:: Work task ::
Please give back the listing exactly, without any of its pictures.

:: The data ::
[Start of section]
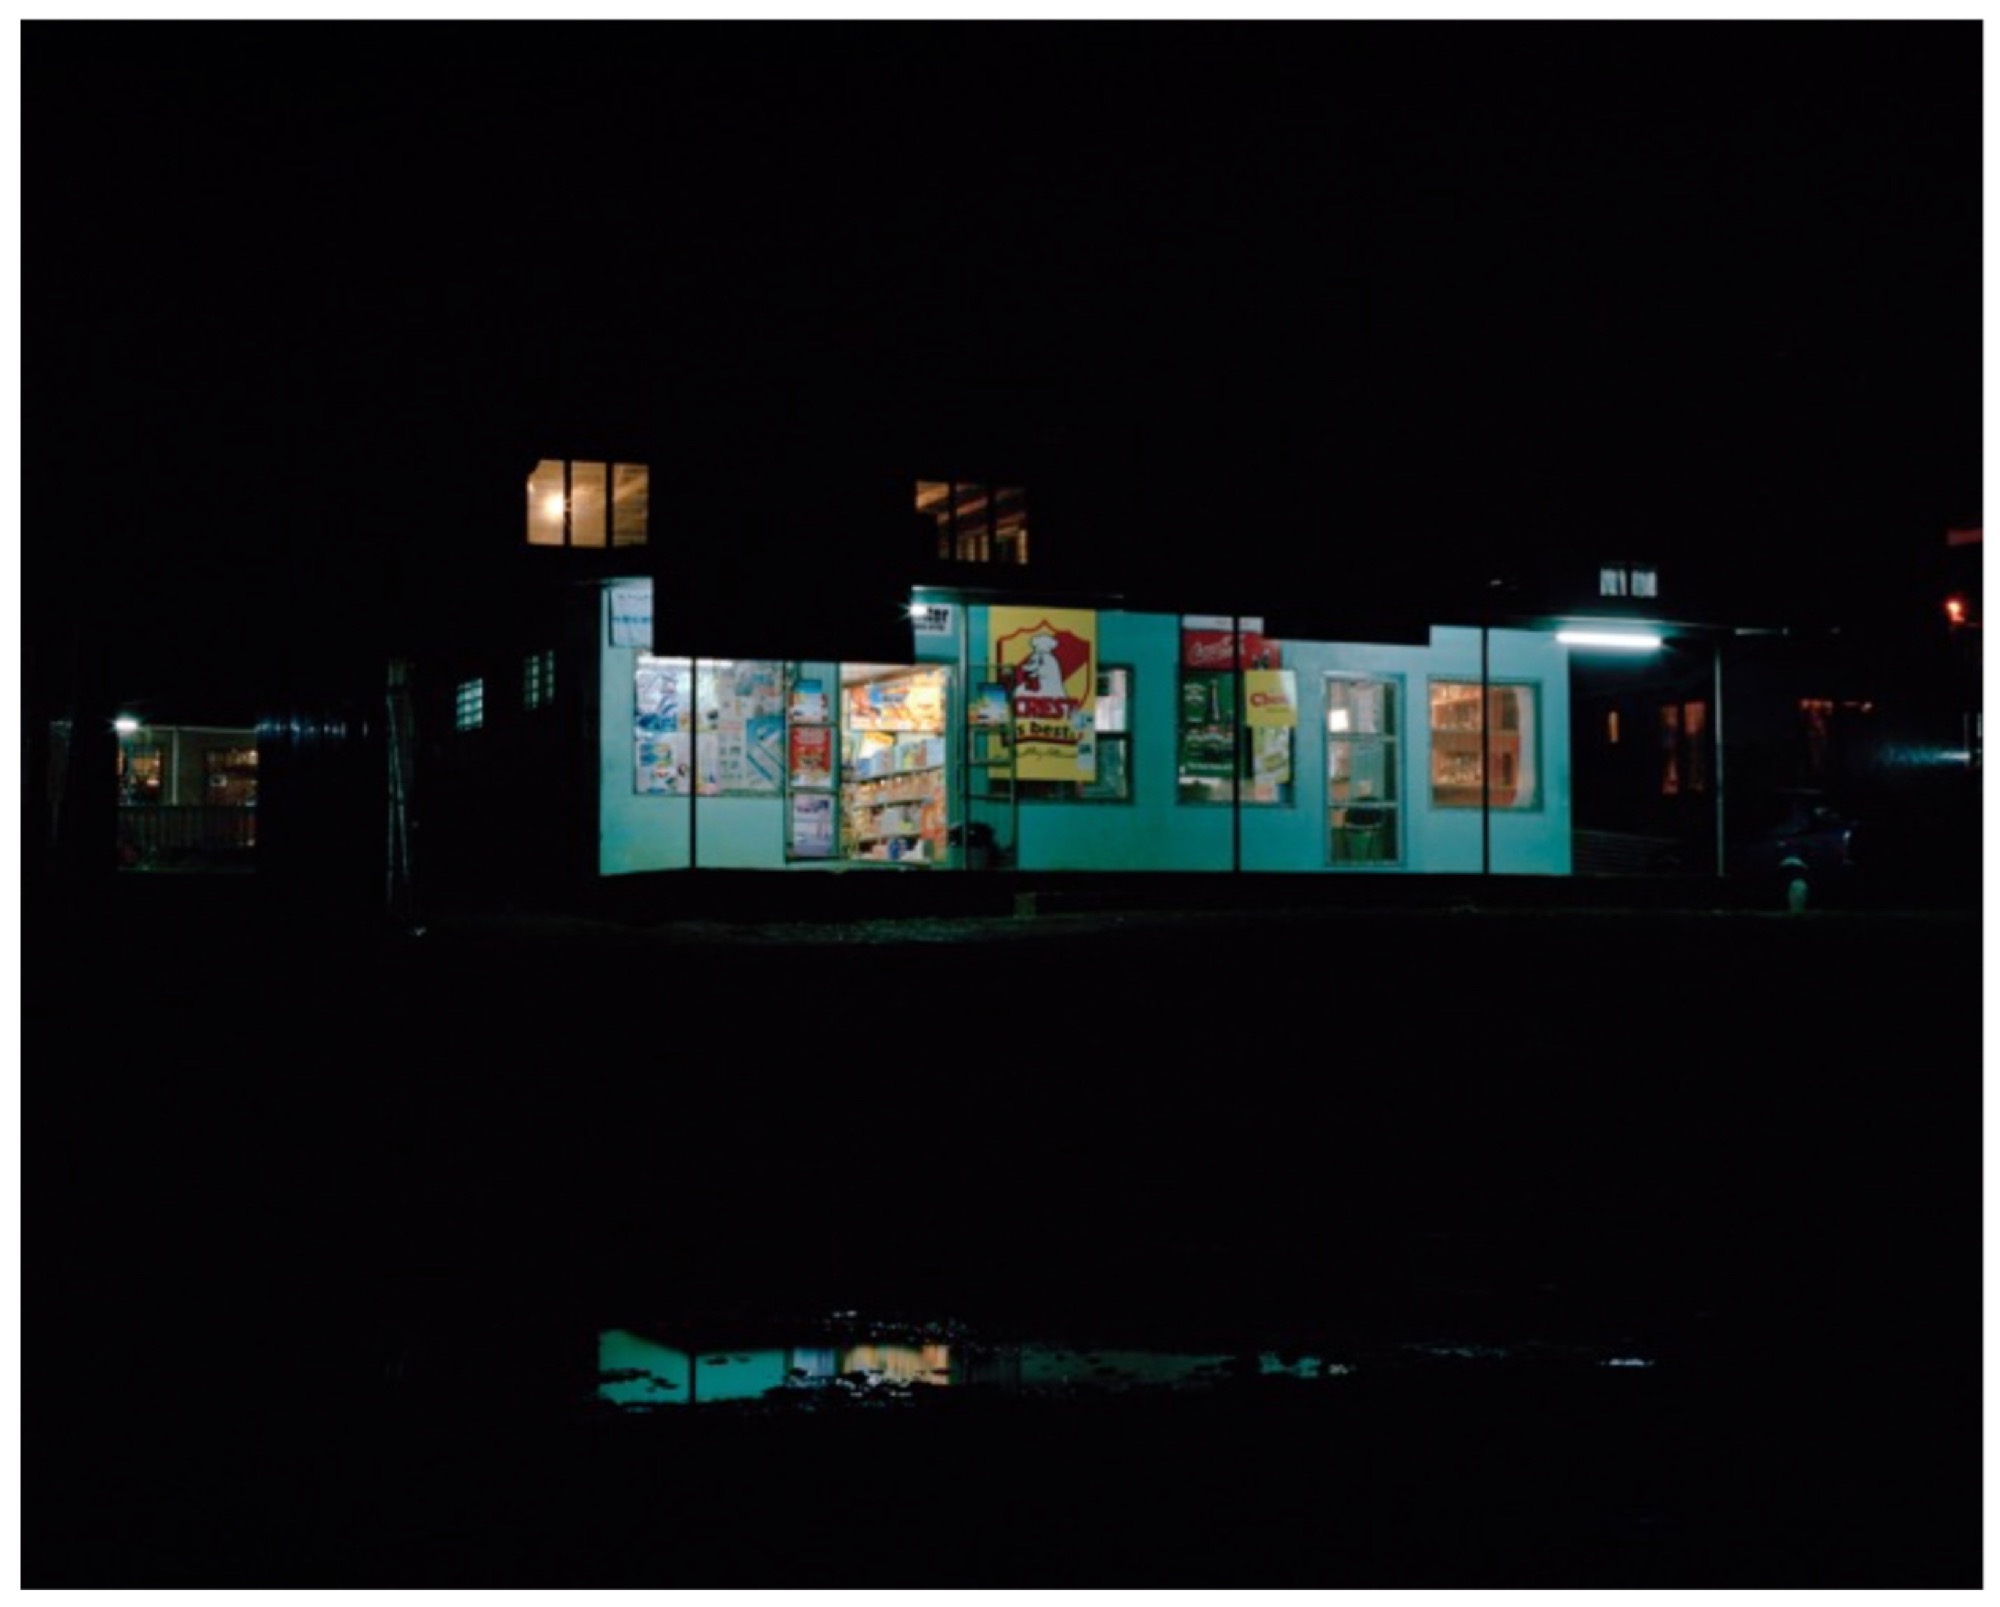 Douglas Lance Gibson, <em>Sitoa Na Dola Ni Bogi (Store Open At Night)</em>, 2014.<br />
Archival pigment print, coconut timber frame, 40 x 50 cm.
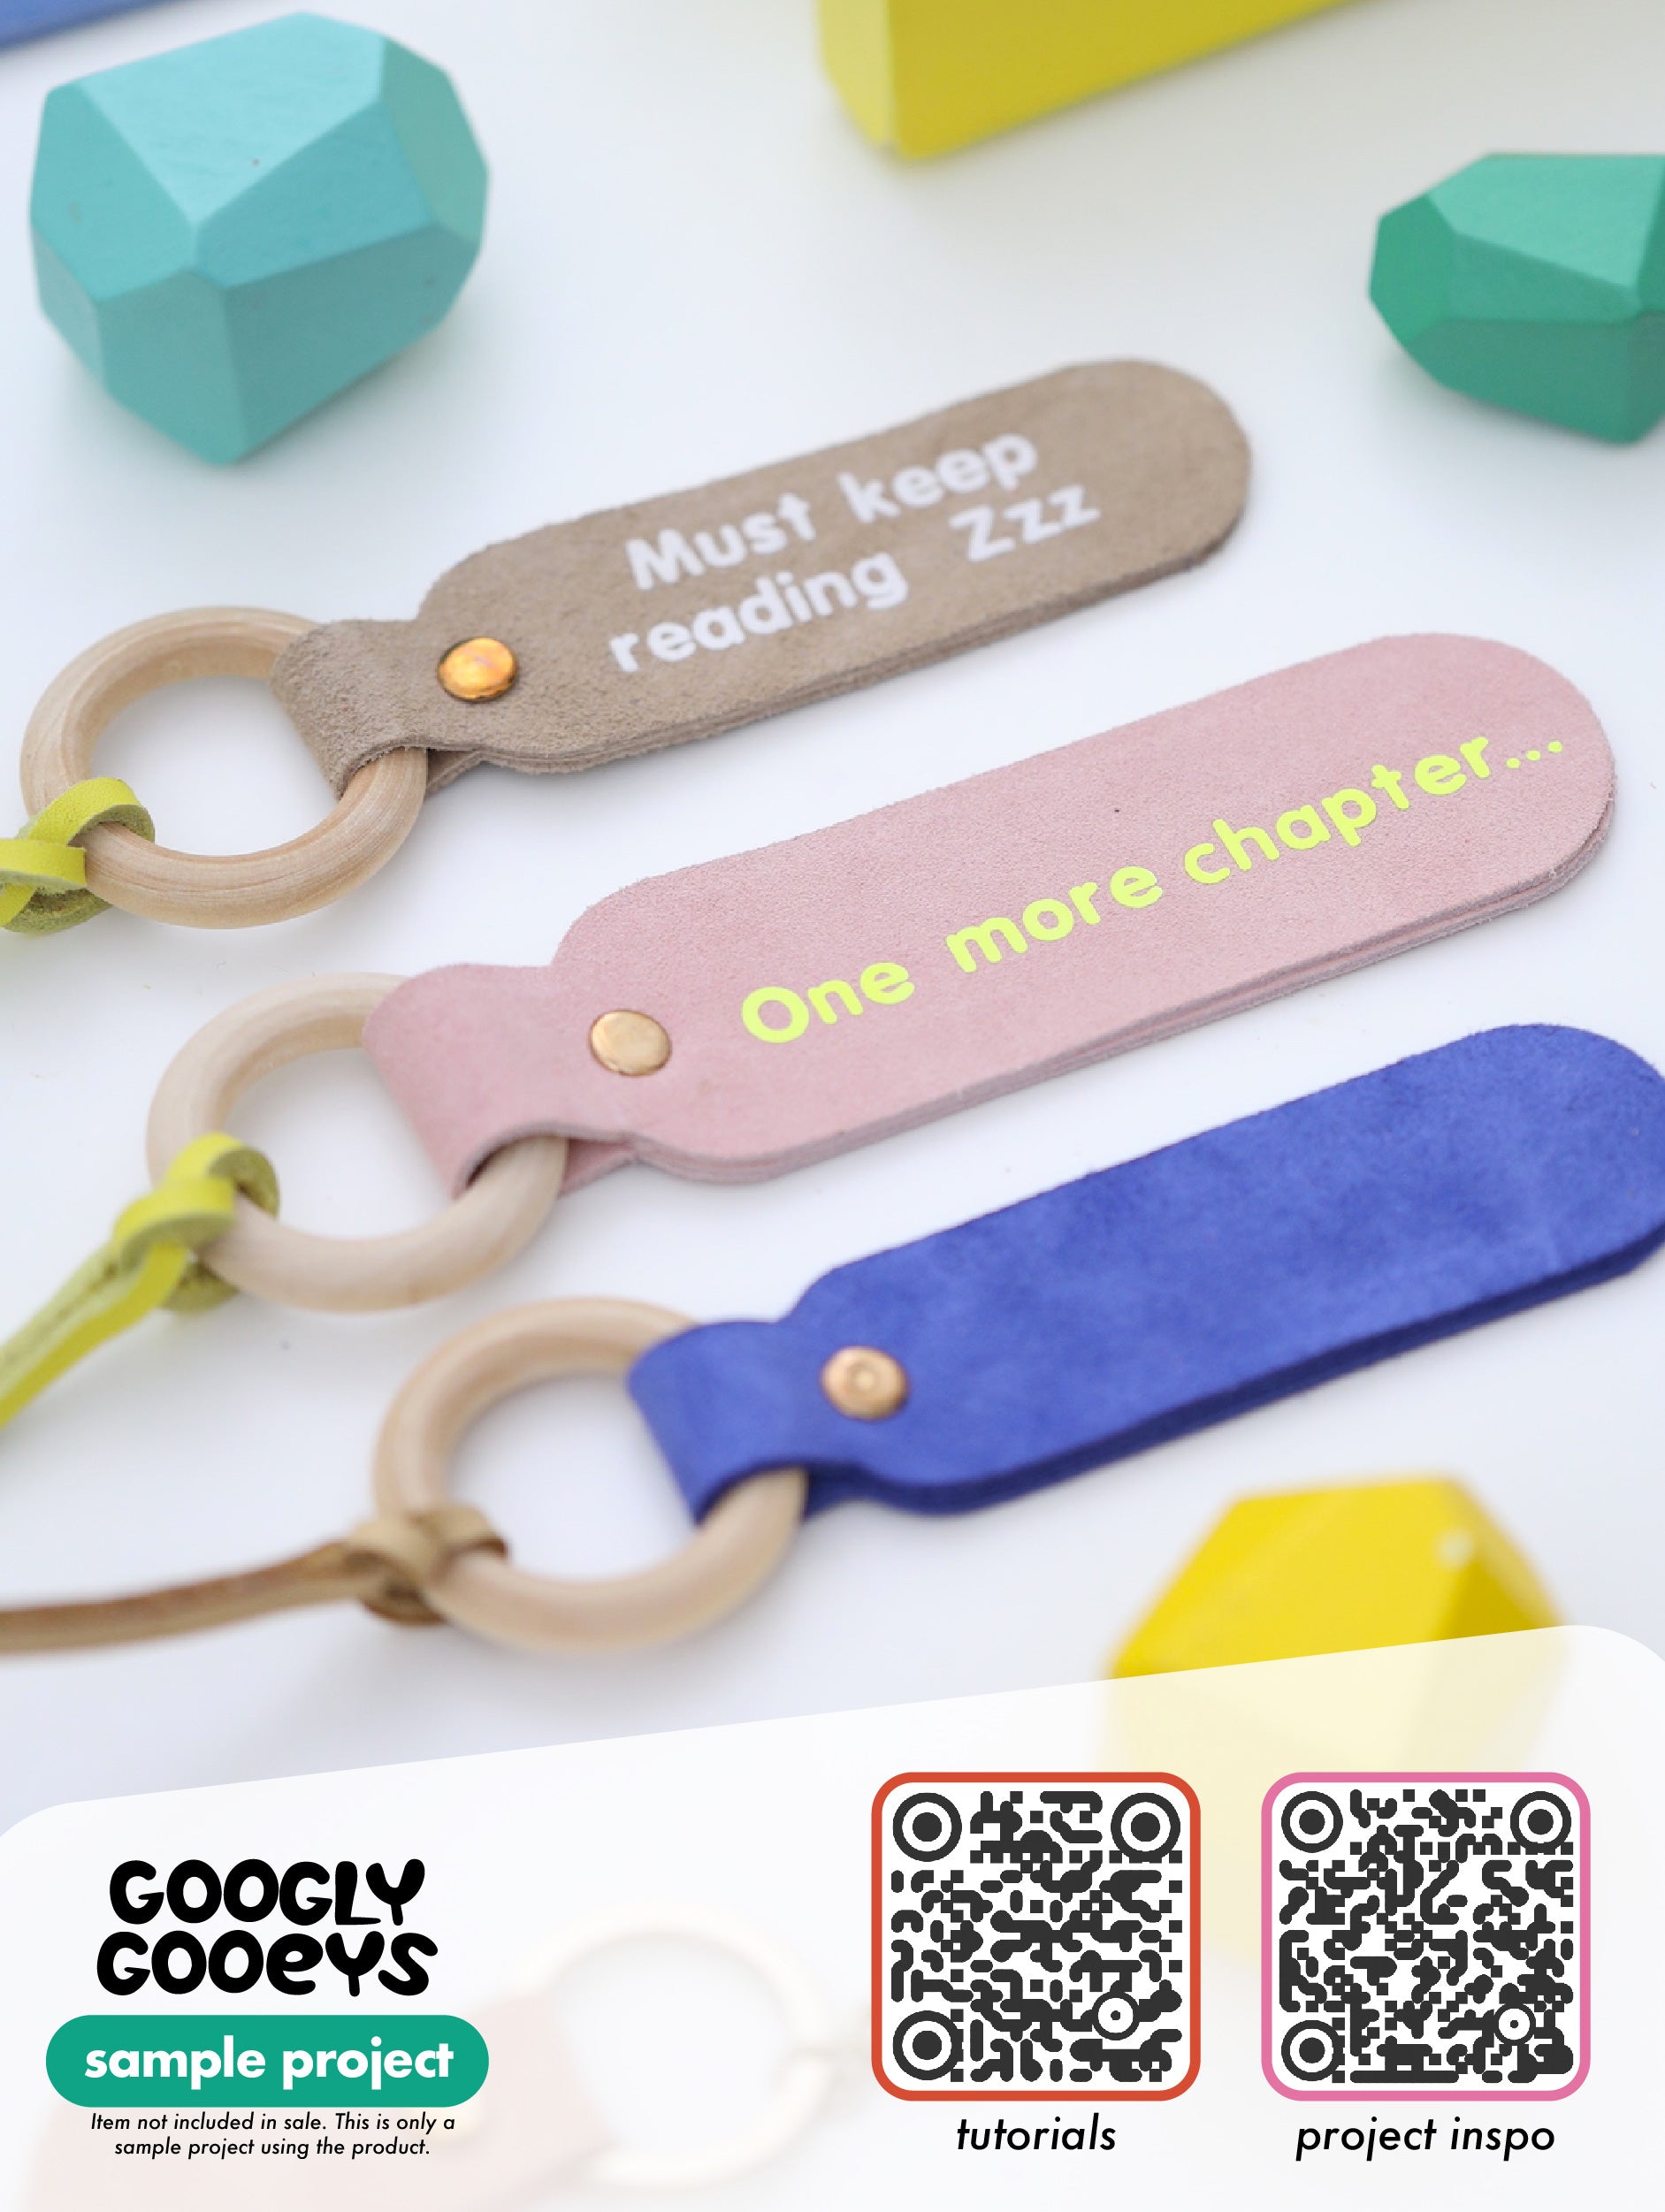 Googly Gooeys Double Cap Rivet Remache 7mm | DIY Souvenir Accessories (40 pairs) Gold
[End of section]
:: Reply ::
 Douglas Lance Gibson, <em>Sitoa Na Dola Ni Bogi (Store Open At Night)</em>, 2014.<br />
Archival pigment print, coconut timber frame, 40 x 50 cm.
 Googly Gooeys Double Cap Rivet Remache 7mm | DIY Souvenir Accessories (40 pairs) Gold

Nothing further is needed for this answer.